Larkin Company Administration Building
A five-story red brick ode to productivity, Wright’s first major public work was widely heralded in Europe.
At the heart of its cream brick interior, a 76-foot tall skylit courtyard ringed with inscriptions extolling the virtue of labor, provided an almost ecclesiastical light from above (a design element he would revisit in the Unity Temple and the S.C. Johnson Wax Administration Building). Characteristically, Wright designed every aspect of the interior, incorporating many technical innovations such as glass doors, air conditioning, radiant heat, built-in desk furniture and suspended toilet bowls. Despite its demolition in 1950, the Larkin Building remains a modern icon of twentieth century building.

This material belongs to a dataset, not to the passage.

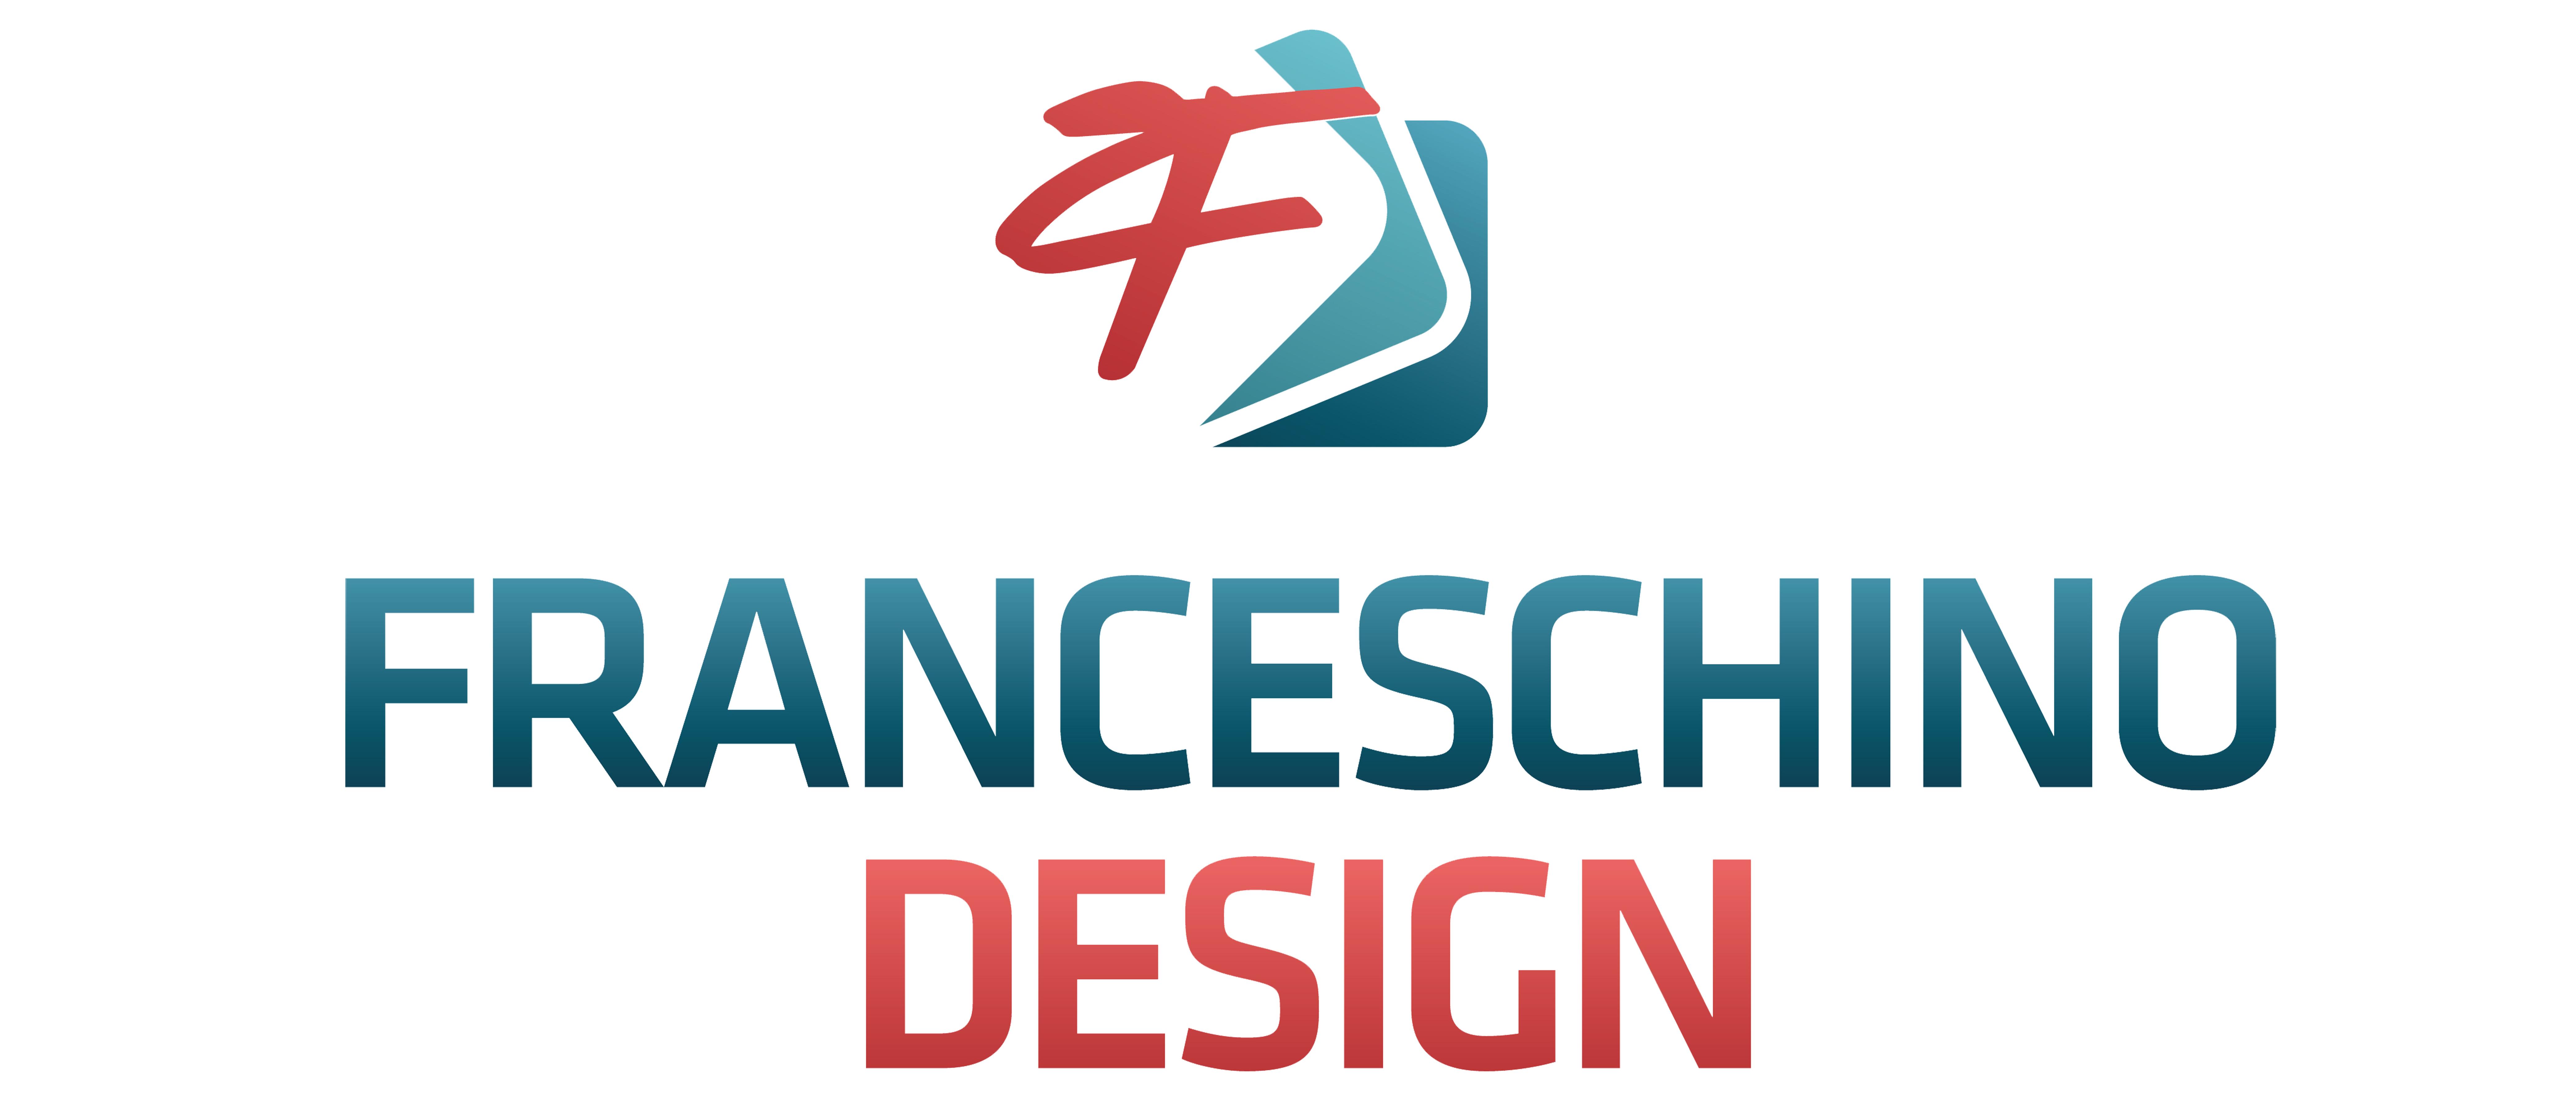 Franceschino Design

Built to serve as the administrative headquarters for the Larkin Company’s burgeoning mail-order soap business, the building was necessarily sited amidst a tangle of railroad lines. To protect its workers from the smoke-laden environment, Wright’s six-story building turned inward, with a Roman-style atrium and surrounding inward-facing balconies creating a bright and airy interior. In his Autobiography Wright would later describe the Larkin building as “a genuine expression of power directly applied to purpose, in the same sense that the ocean liner, the plane or the car is so.” Though the Larkin building is now celebrated for its avant-garde vision, Wright’s defiant departure from the popular Beaux-Arts style made it appear “a monster of awkwardness” to many of his contemporaries, such as the hard-hitting Architectural Record critic, Russell Sturgis. Despite being demolished in 1950, the Larkin Building remains a modern icon of twentieth century building.